◆ Given material:

....................

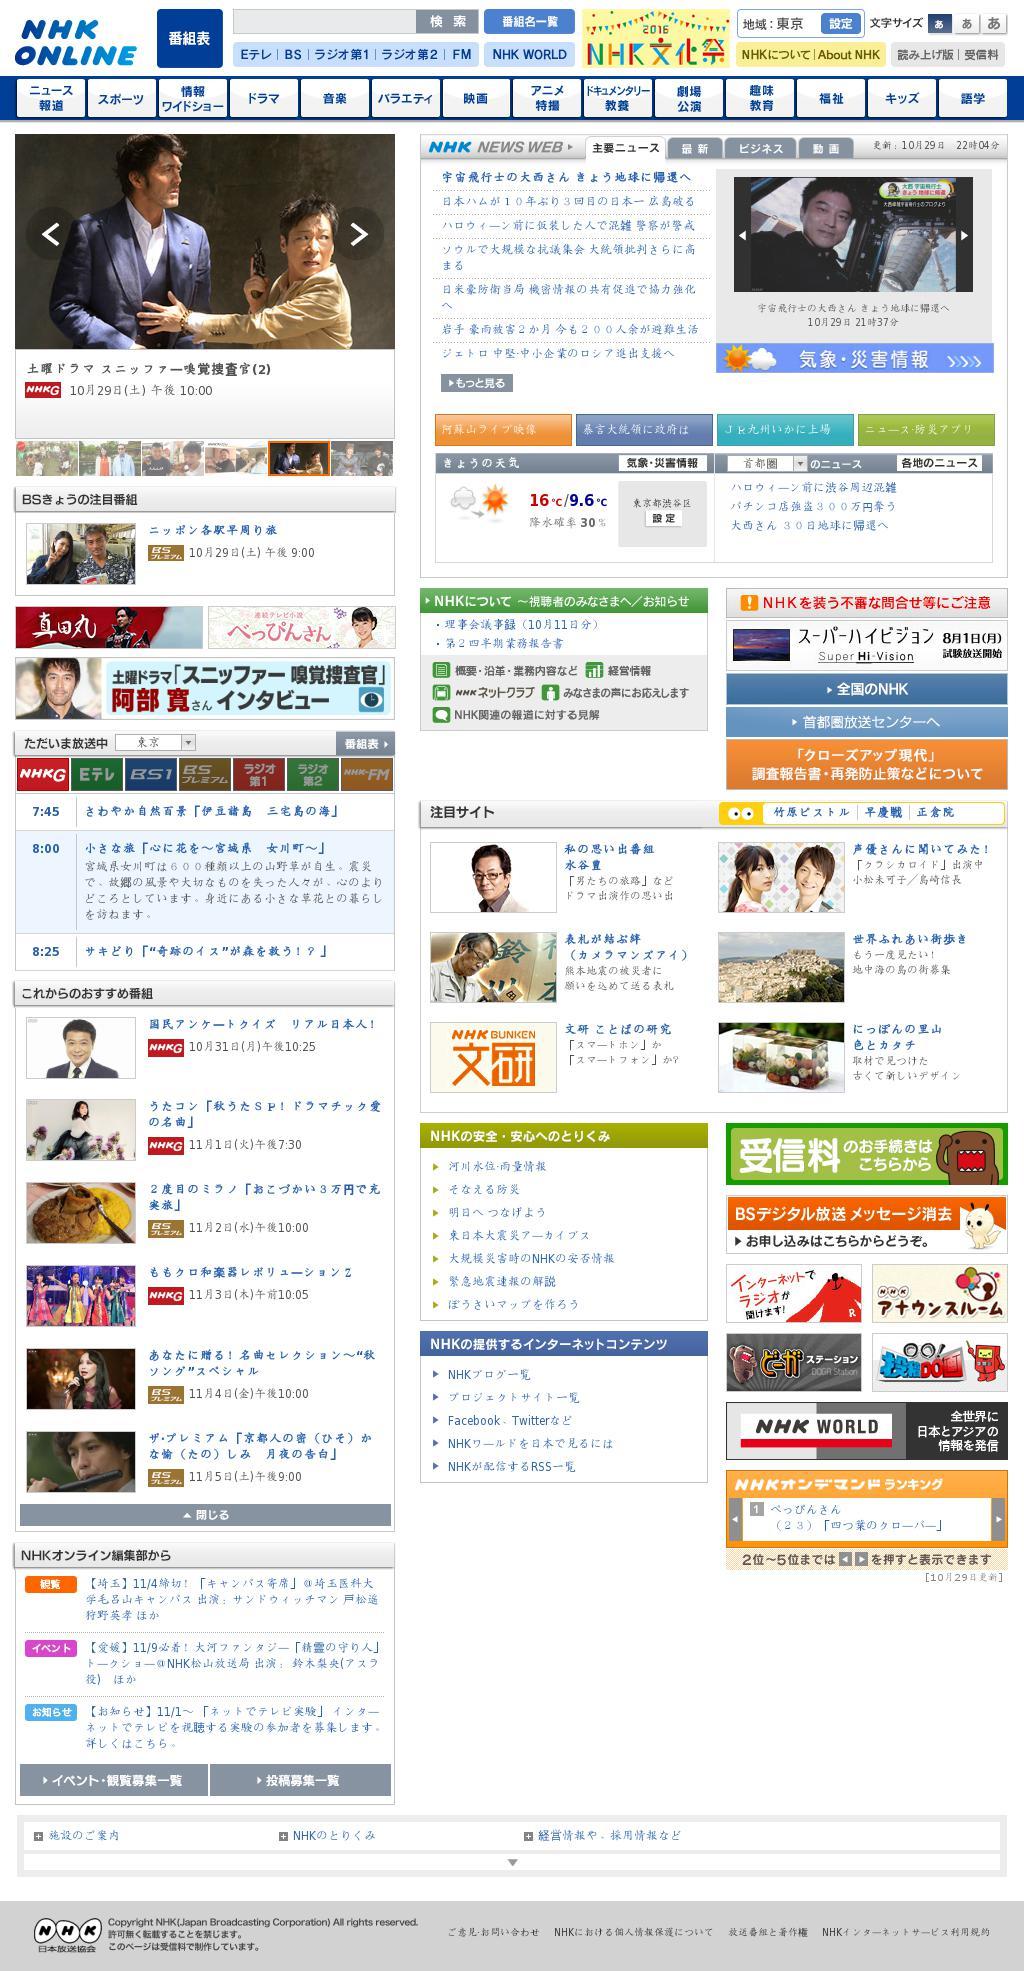 NHK Online at Saturday Oct. 29, 2016, 11:13 p.m. UTC
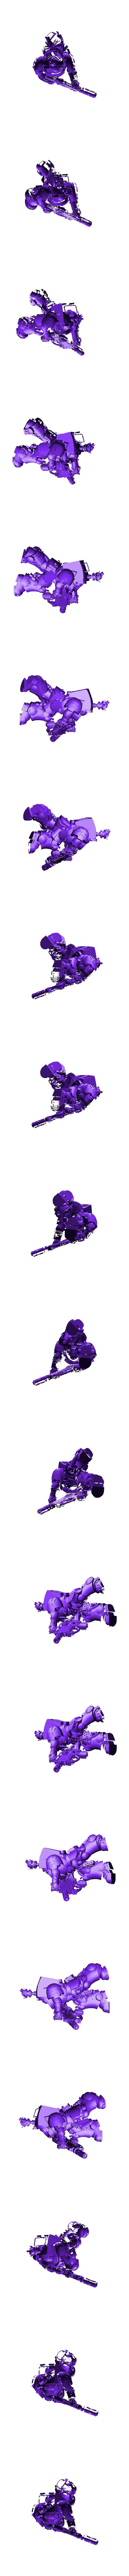 Dark Crusader Heavy Infantry Liquidators - 03.stl Download free STL file Dark Crusader Heavy Infantry Liquidator Squad • 3D printing design, GrimmTheMaker
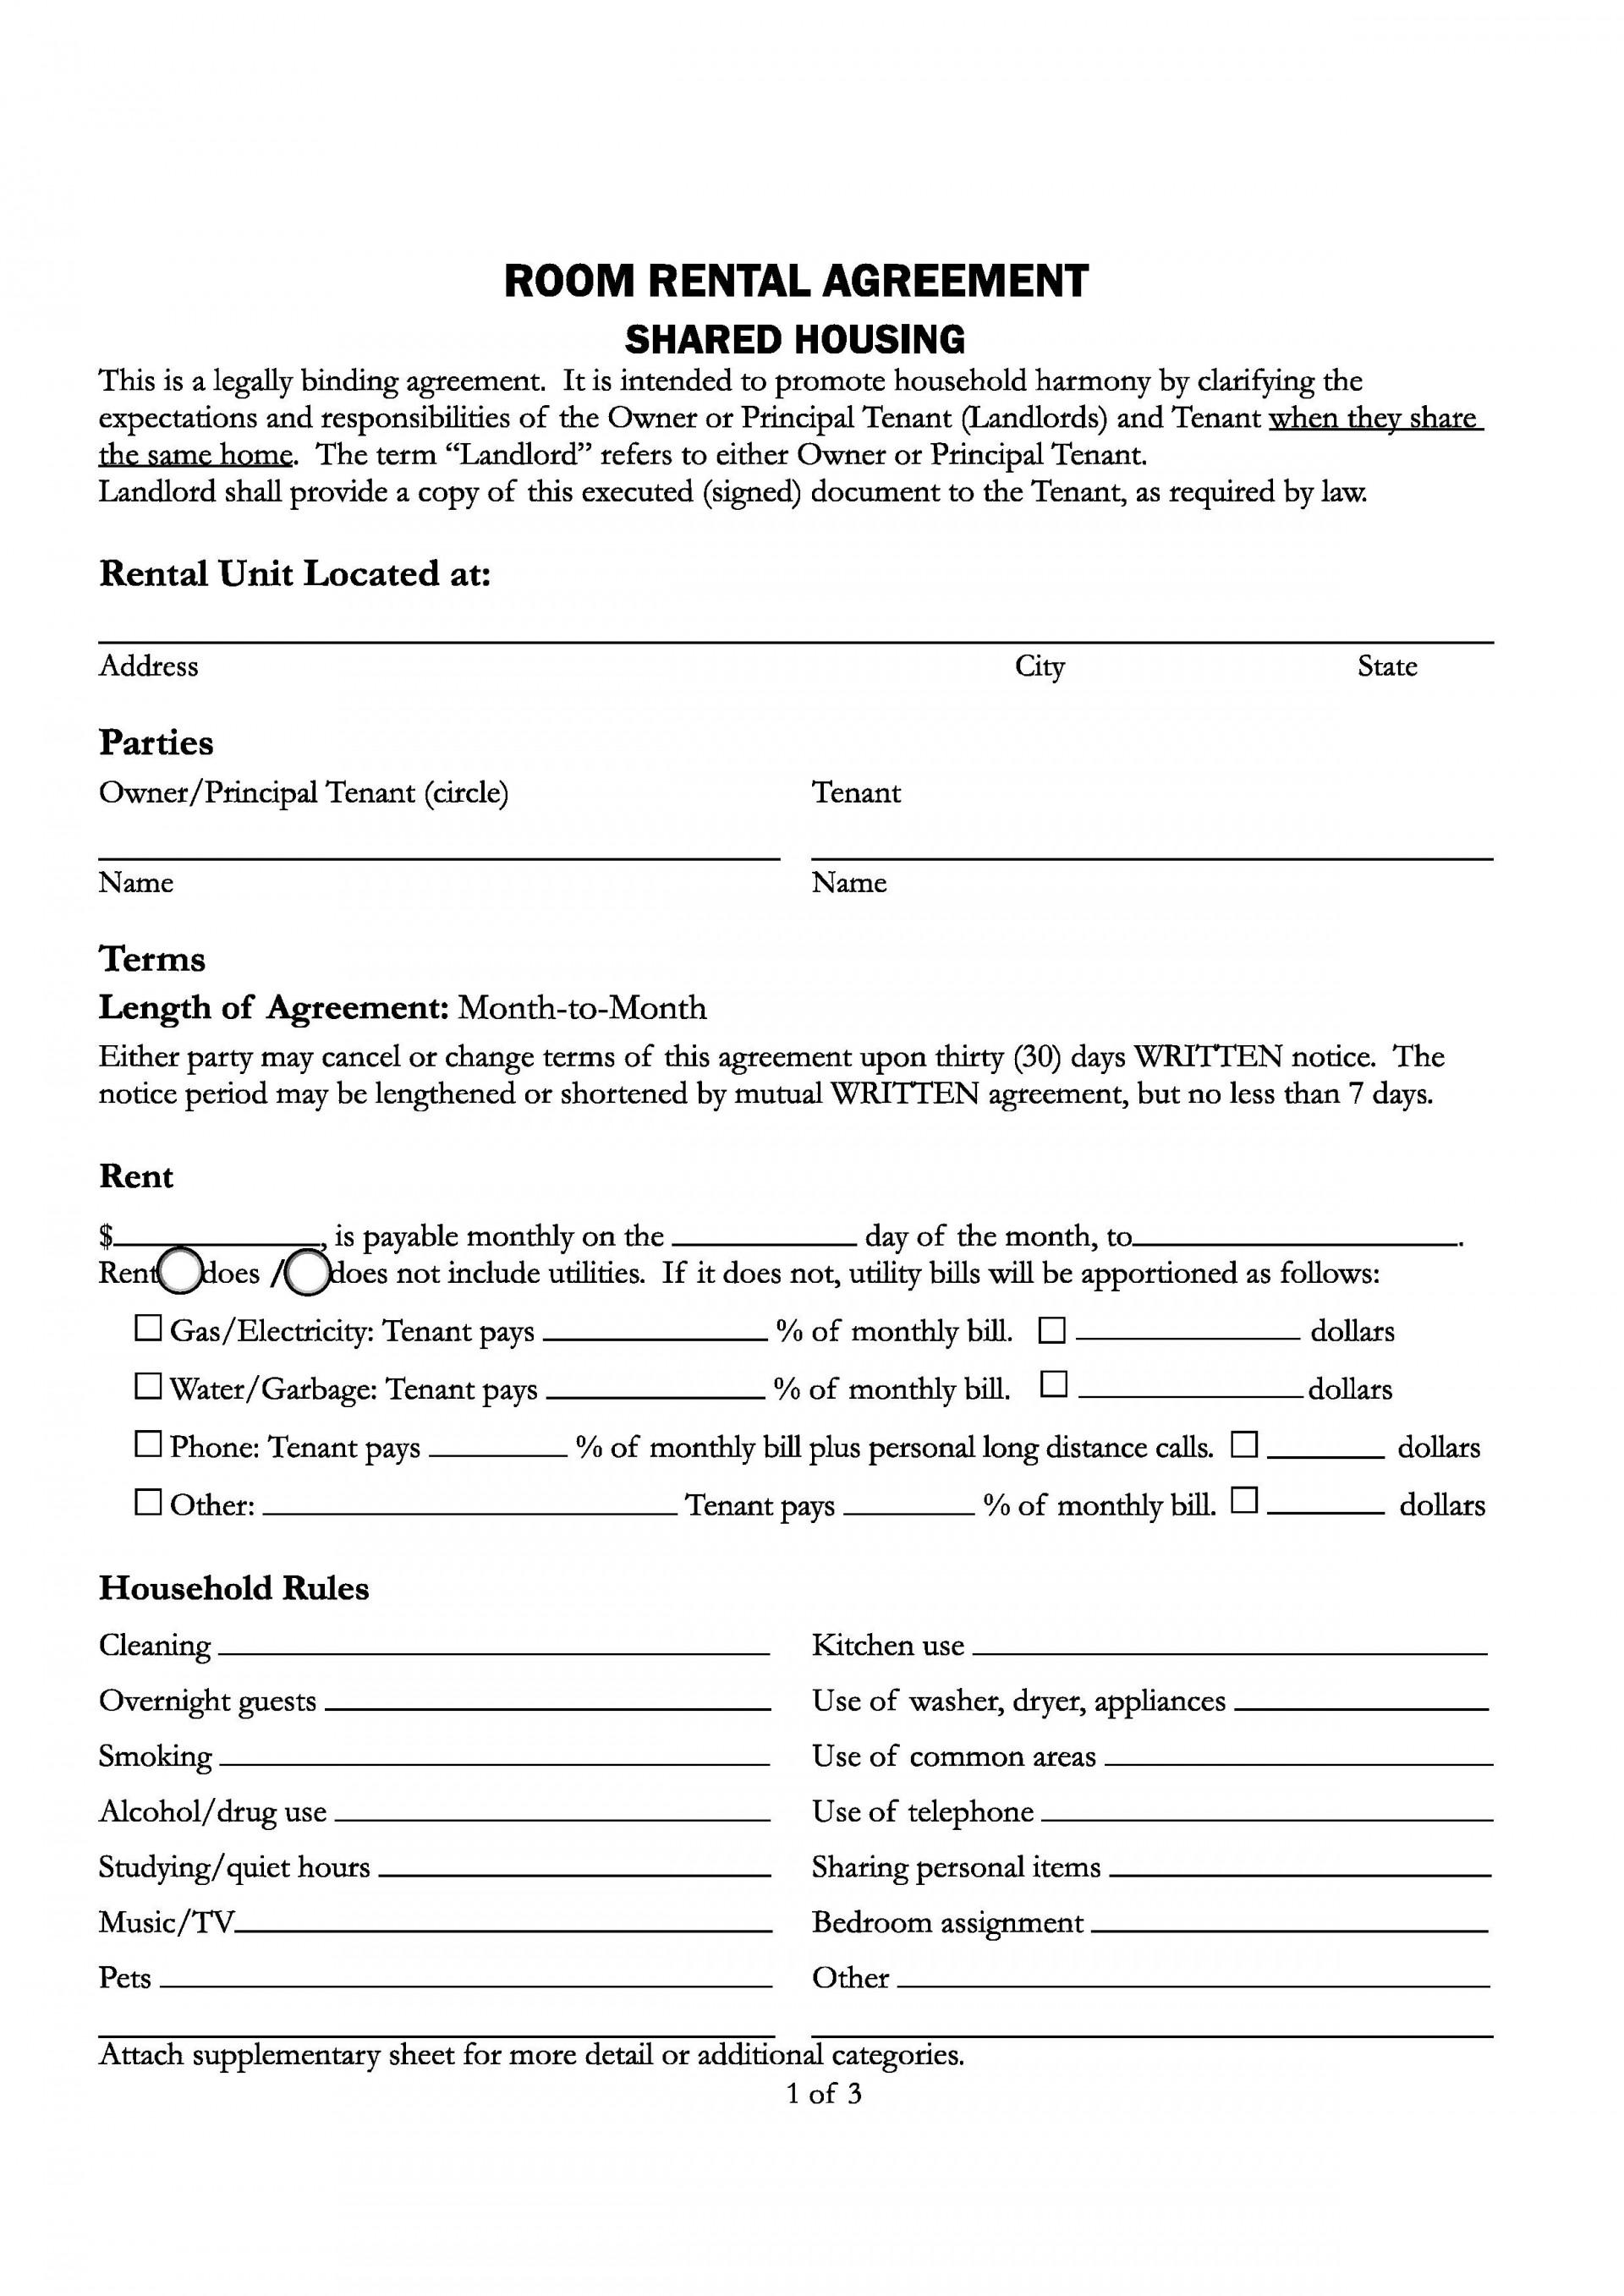 009 Impressive Room Rental Agreement Simple Form Design  Template Word Doc Rent Format In Free Uk1920

....................

◆ What is needed: Reproduce the material word for word. Any pictures should be left out of the copy.

◆ Exercise response:
 NHK Online at Saturday Oct. 29, 2016, 11:13 p.m. UTC
 Dark Crusader Heavy Infantry Liquidators - 03.stl Download free STL file Dark Crusader Heavy Infantry Liquidator Squad • 3D printing design, GrimmTheMaker
 009 Impressive Room Rental Agreement Simple Form Design  Template Word Doc Rent Format In Free Uk1920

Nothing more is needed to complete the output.